I have several word embeddings and I want to take weighed sum of them and use the result as regular one. One thing is I want to train those weights when each word has its own weight.
To do that I define weight matrix and embedding variable.
self.embeds_stacked = torch.tensor(np.stack(embeddings, axis=2), dtype=torch.float).cuda()
self.embed_coeffs = torch.tensor(np.ones(shape=(max_features, len(embeddings)))/len(embeddings),
self.embed_coeffs = nn.Parameter(self.embed_coeffs, requires_grad=True)
self.embedding = nn.Embedding(max_features, embed_size)

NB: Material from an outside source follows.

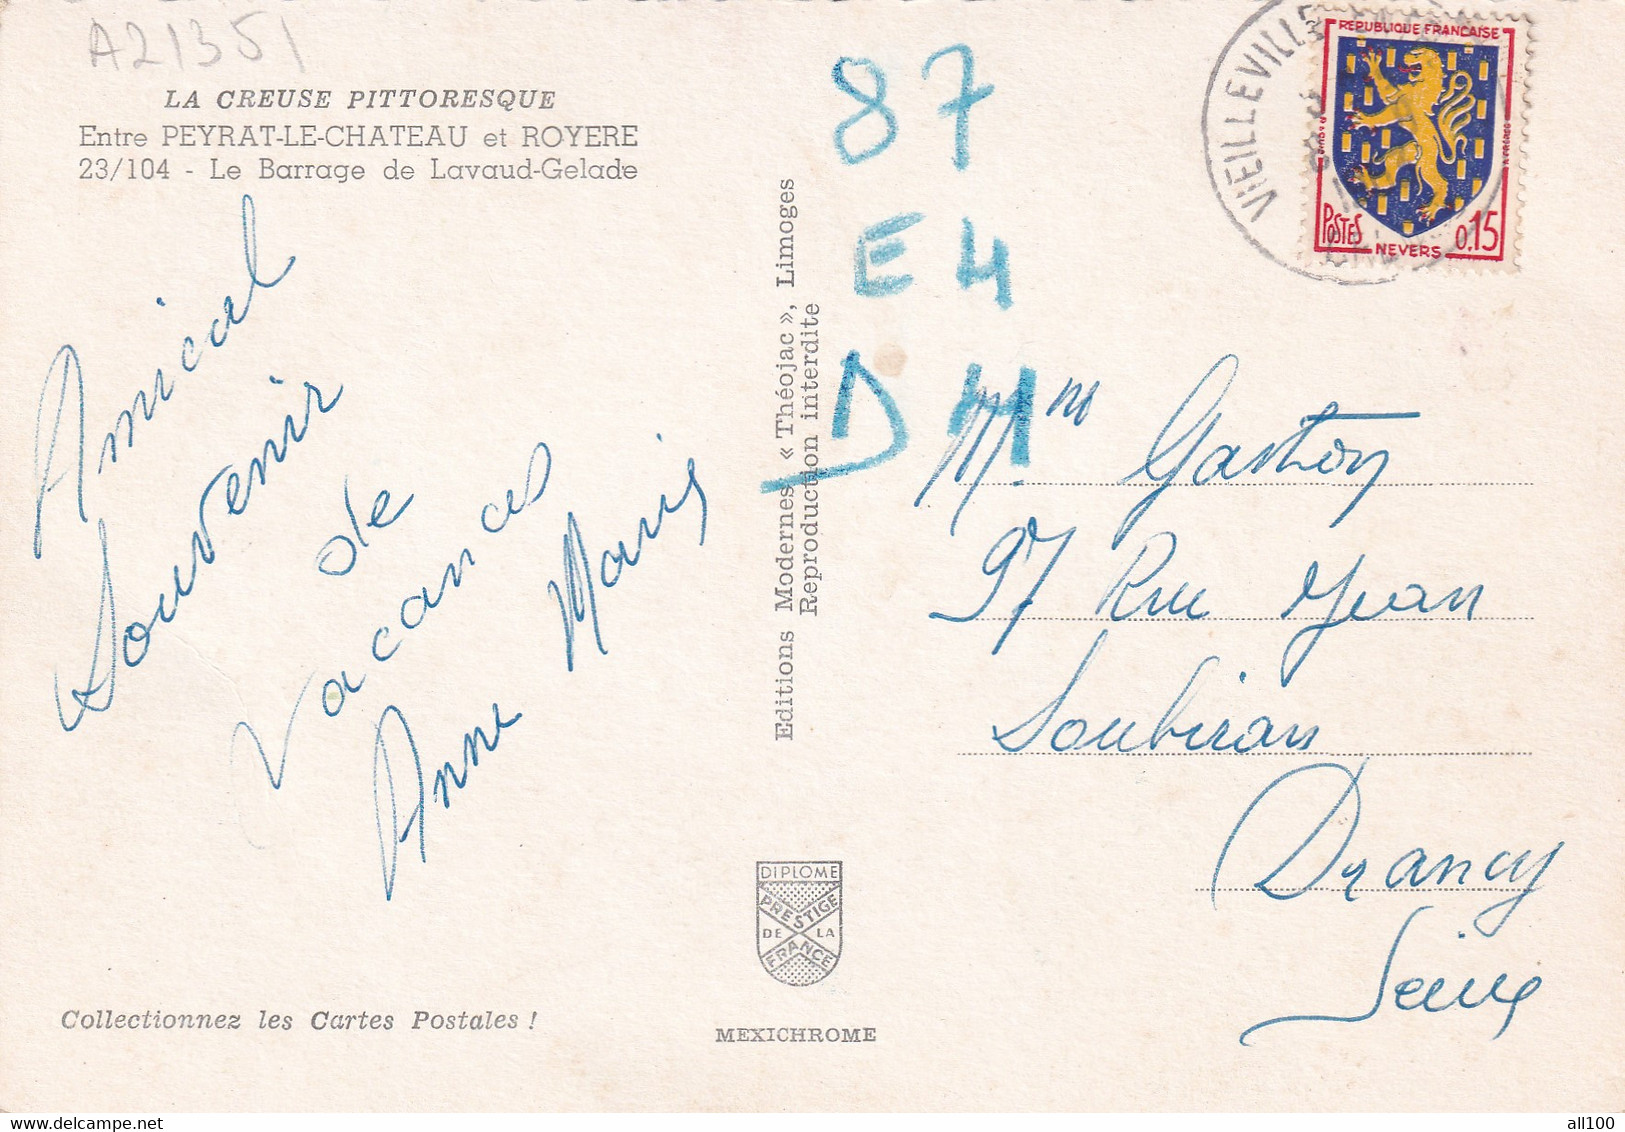 A21351 - ROYERE Entre Peyrat Le Chateau Le Barrage De Lavaud Gelade Creuse France Post Card Used Stamp Republique F - Royere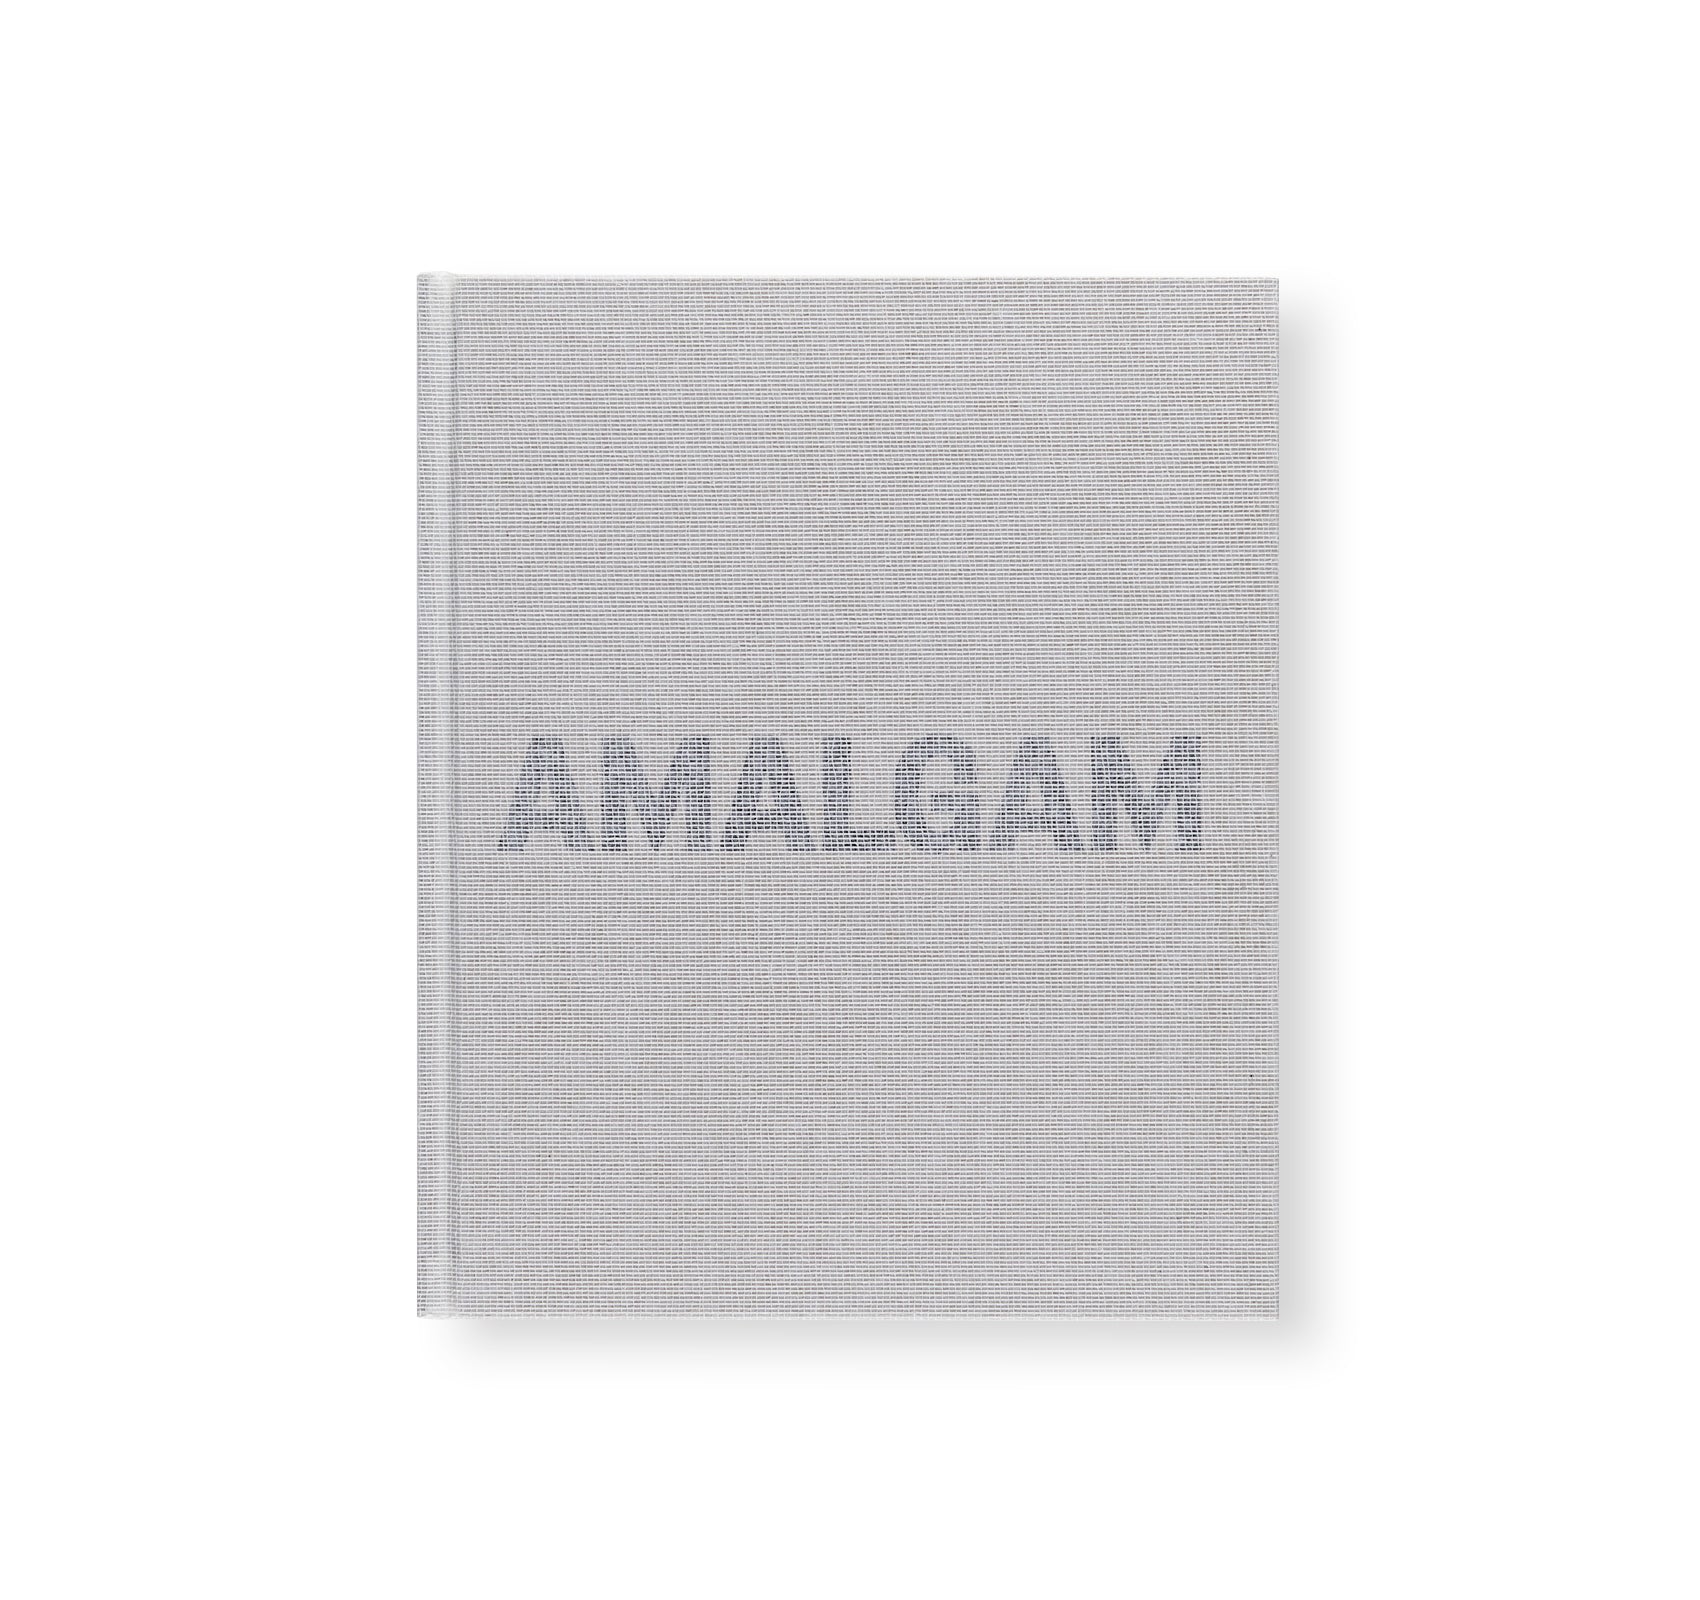 AMALGAM by Theaster Gates

self.embedding.weight.requires_grad = False
Where “embeddings” is list of embedding matrices, max_features is number of words (all embeddings have same dimensionality). embeds_stack has (max_features, embedding_size, K) dimensionality,
During forward step I just use einsum to get weighted sum along axes and assign weighted values to embedding variable. After that I use it as regular embedding.
embeds_weighed = torch.einsum(‘ijk,ik->ij’, self.embeds_stacked, self.embed_coeffs)
self.embedding.weight.data = embeds_weighed
h_embedding = self.embedding(x)
However, embedding coefficients stay same across training.
Is there any option to fix that?
Thanks in advance!